» The task
Output the data below exactly, images excluded.

» Dataset section
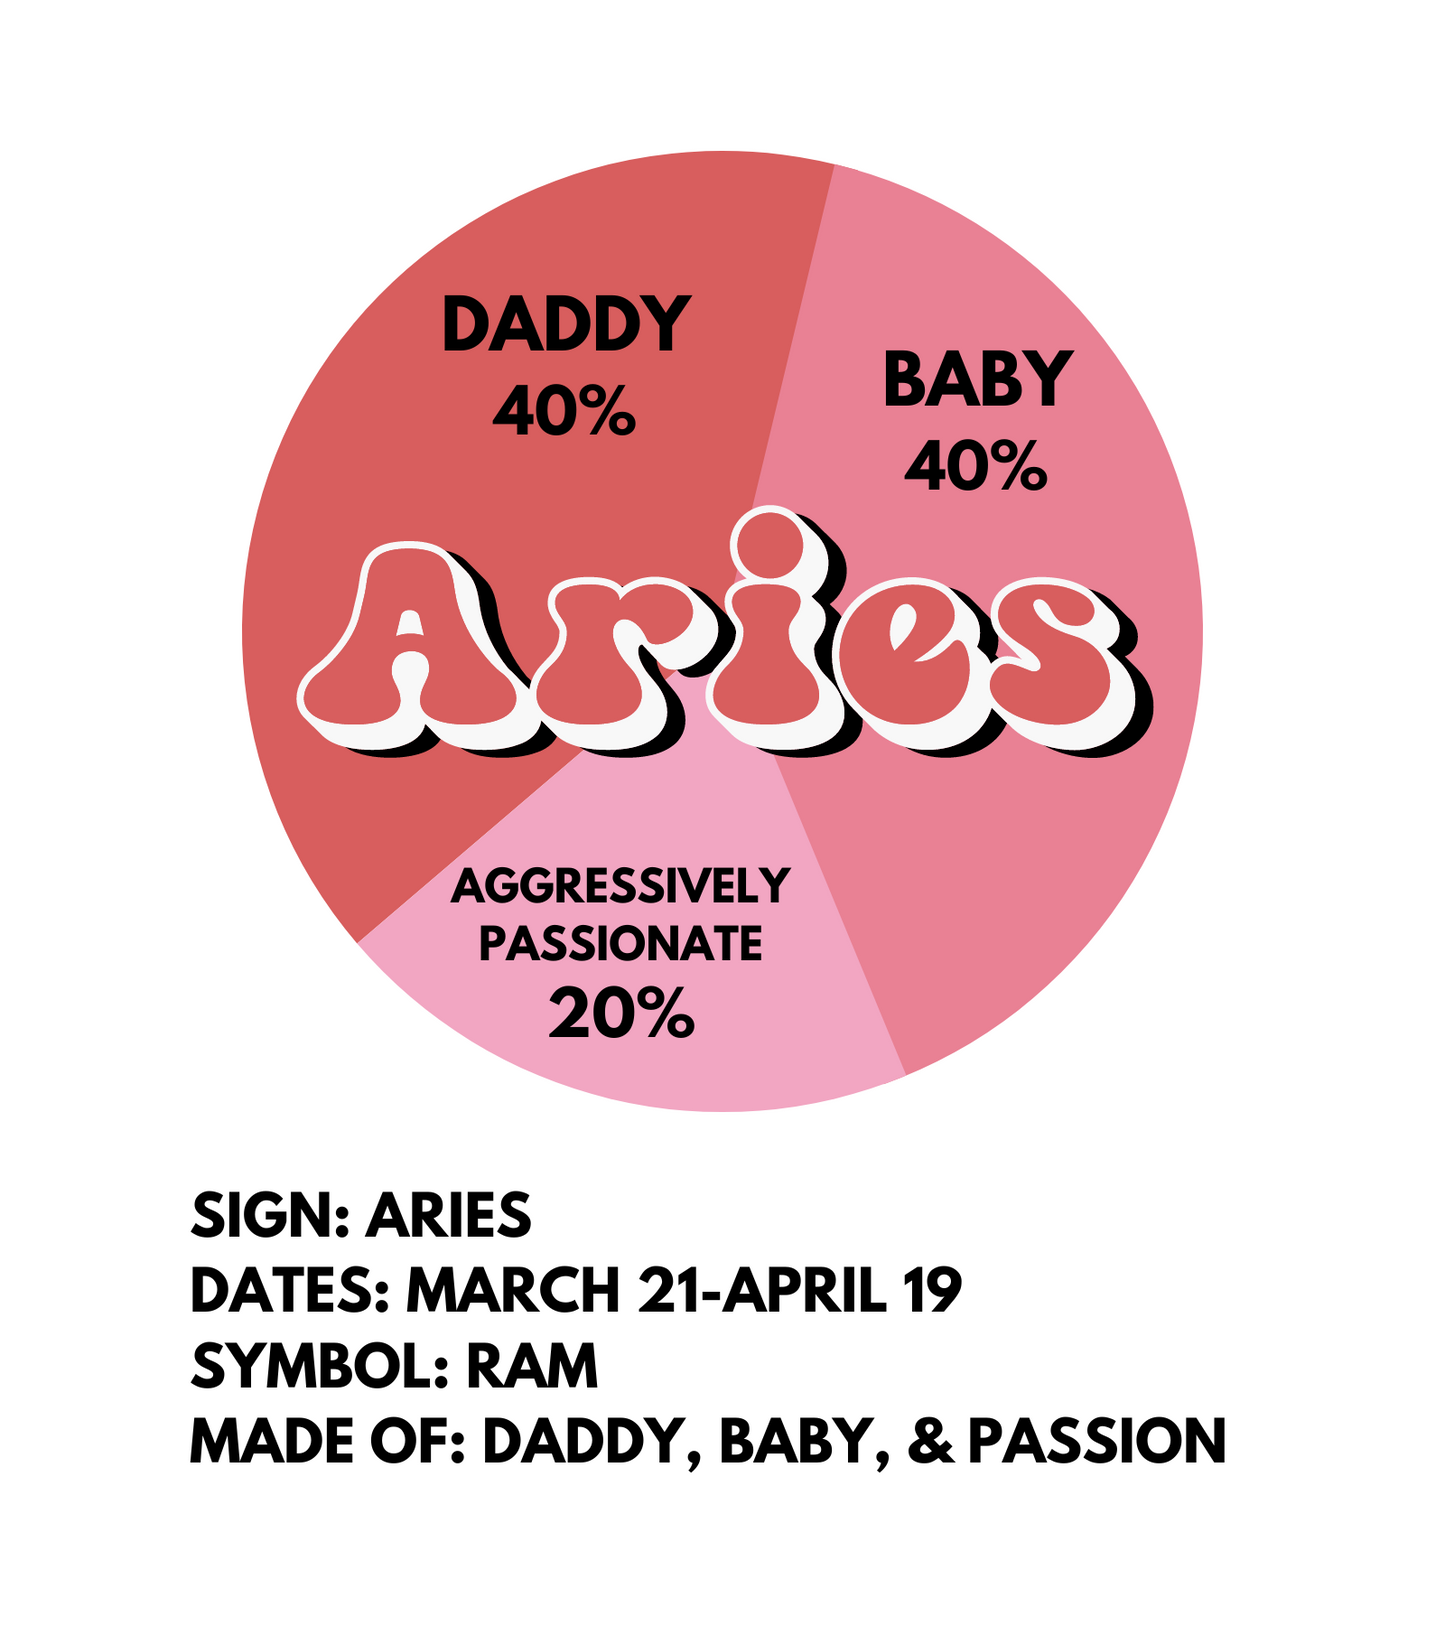 A circular sticker design of a pie chart, with the word Aries in the middle. The pie chart is broken up into 3 sections: 40% daddy, 40% baby, and 20% aggressively passionate. Underneath the design there is the text: SIGN: ARIES DATES: MARCH 21-APRIL 19 SYMBOL: RAM MADE OF: DADDY, BABY, & PASSION
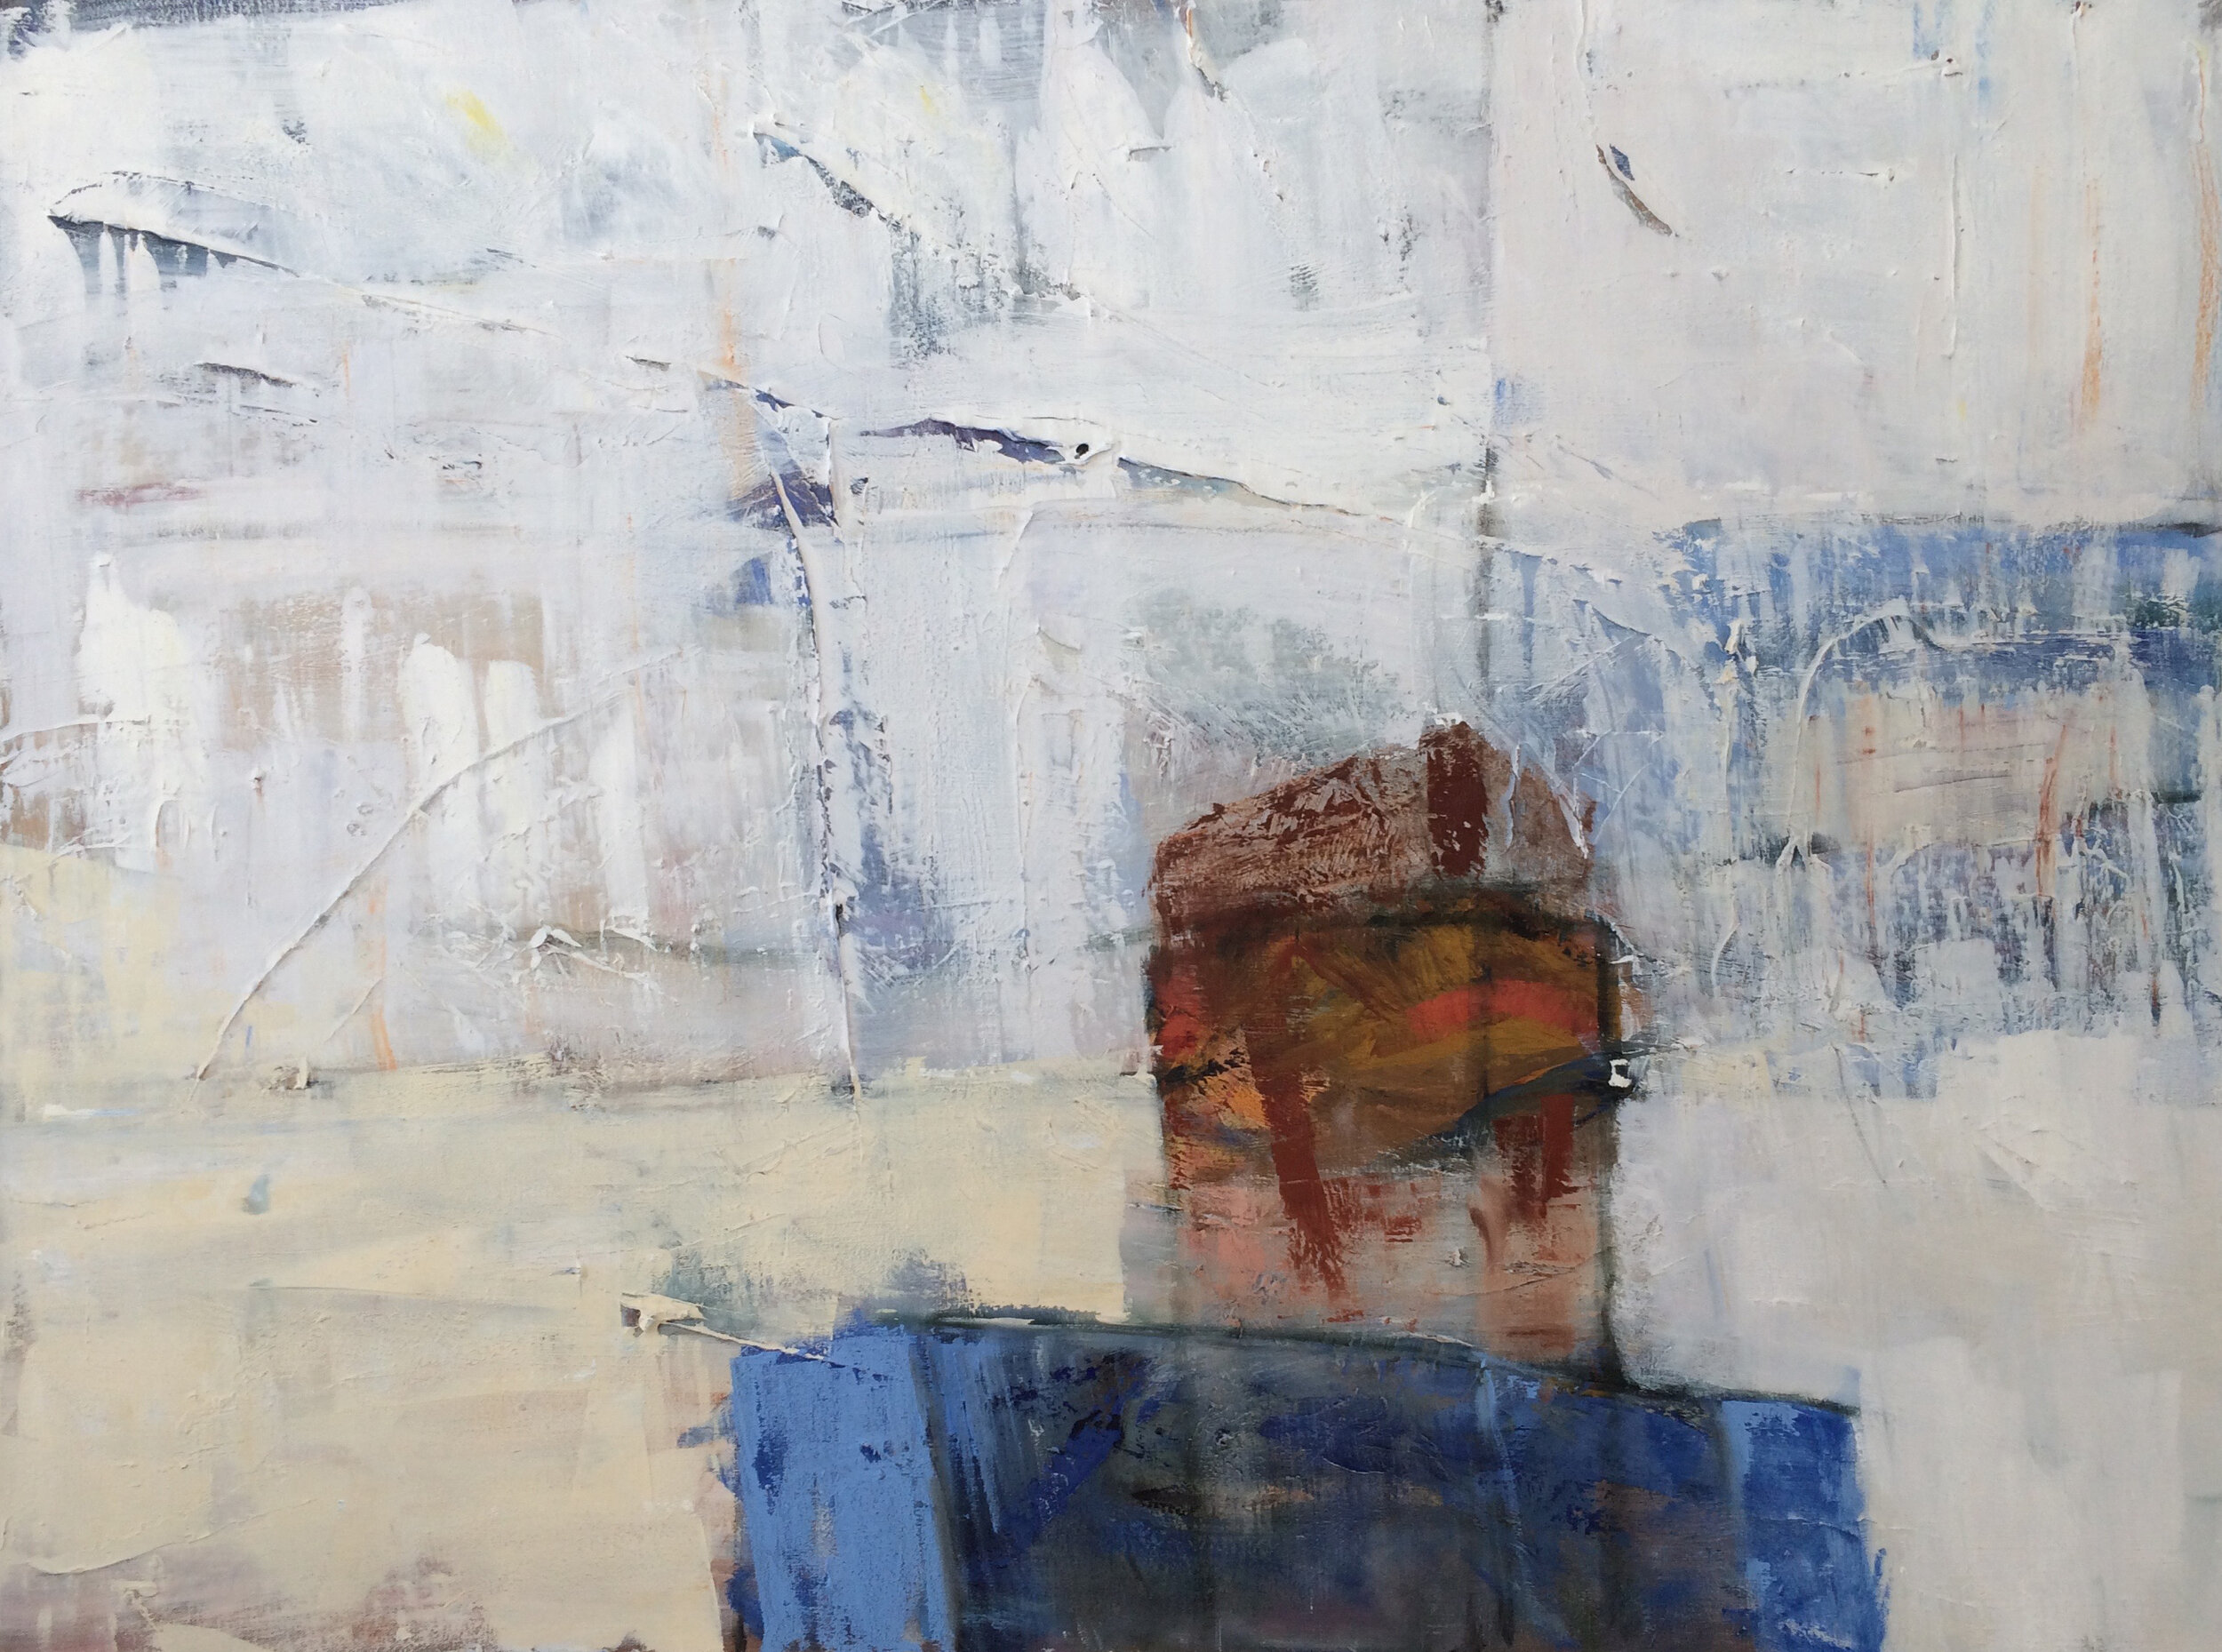   Betty Glick ,  Border Series 1: Watchtower , oil on canvas, 30x40 inches, $1,600 
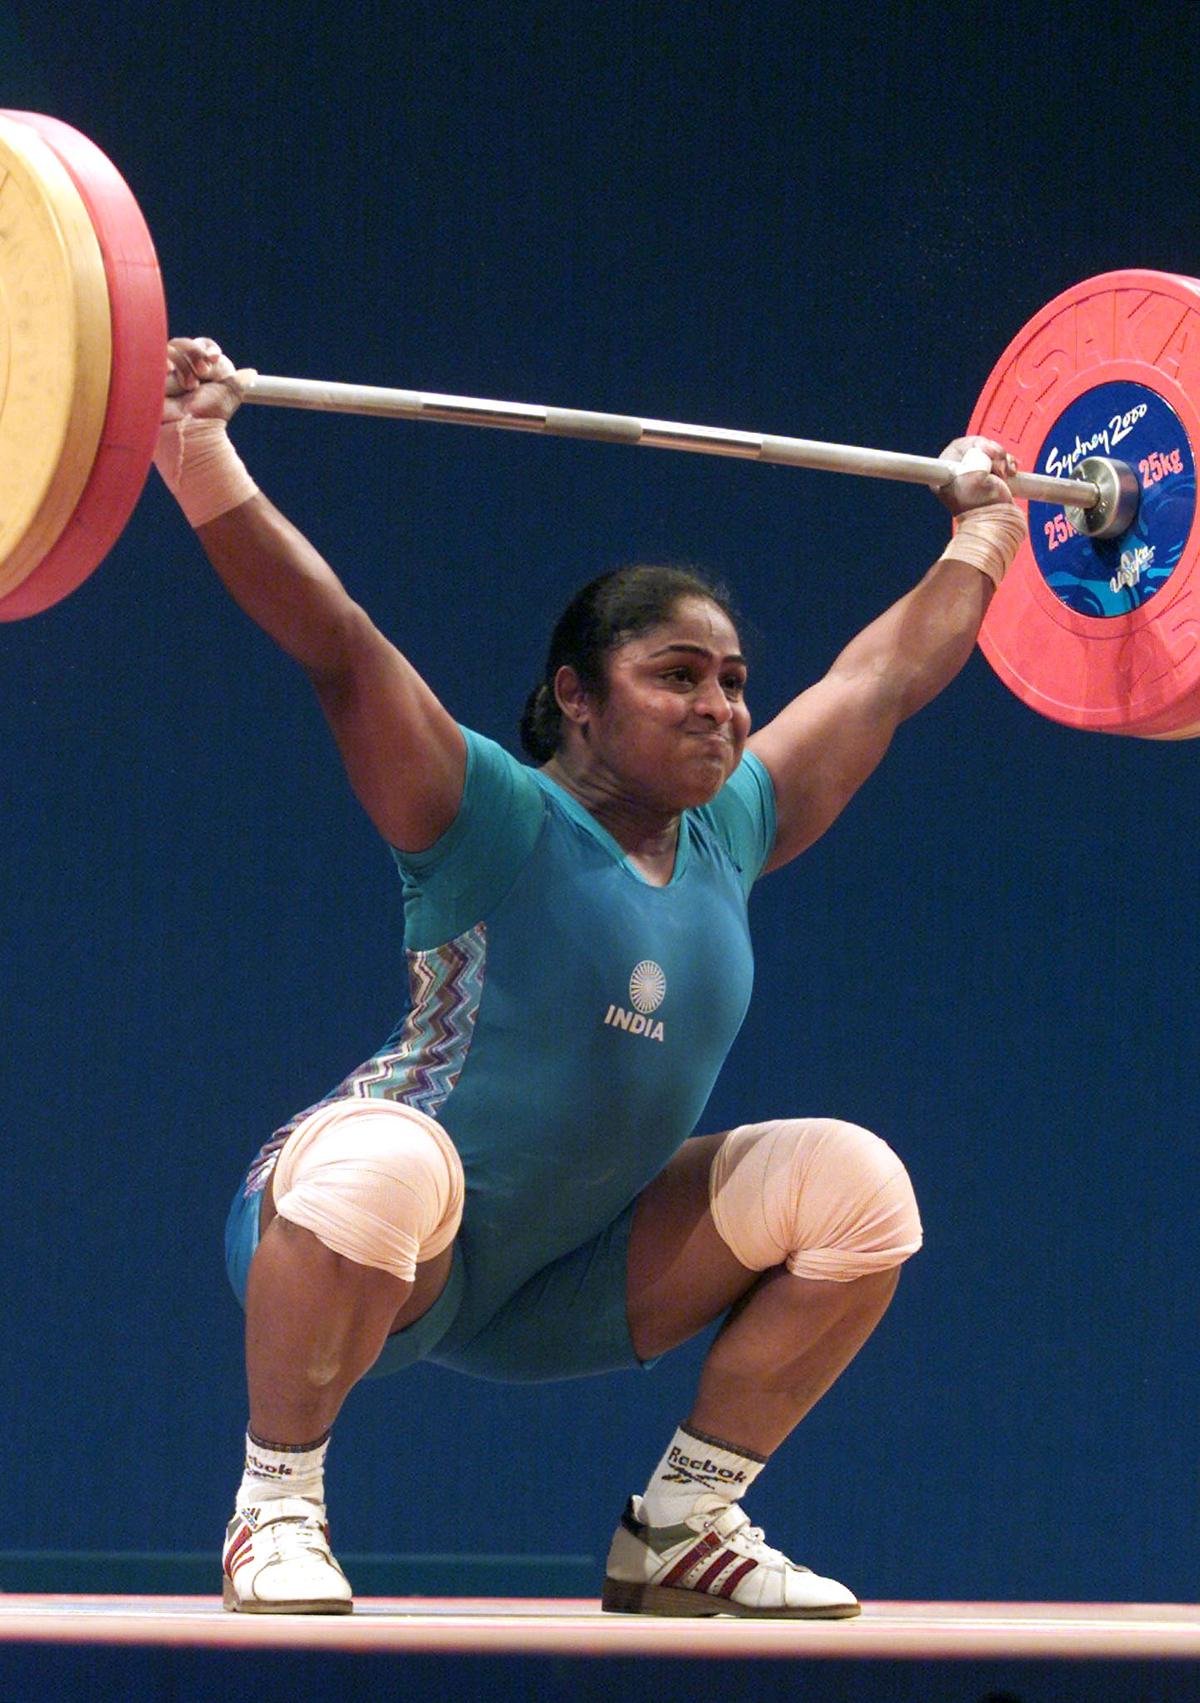 Karnam Malleswari lifts 105 kg in the women’s 69kg weightlifting snatch during the Sydney Olympics on September 19, 2000, a feat that won her the bronze medal.  

» Response to this exercise
 A circular sticker design of a pie chart, with the word Aries in the middle. The pie chart is broken up into 3 sections: 40% daddy, 40% baby, and 20% aggressively passionate. Underneath the design there is the text: SIGN: ARIES DATES: MARCH 21-APRIL 19 SYMBOL: RAM MADE OF: DADDY, BABY, & PASSION
   Betty Glick ,  Border Series 1: Watchtower , oil on canvas, 30x40 inches, $1,600 
 Karnam Malleswari lifts 105 kg in the women’s 69kg weightlifting snatch during the Sydney Olympics on September 19, 2000, a feat that won her the bronze medal.  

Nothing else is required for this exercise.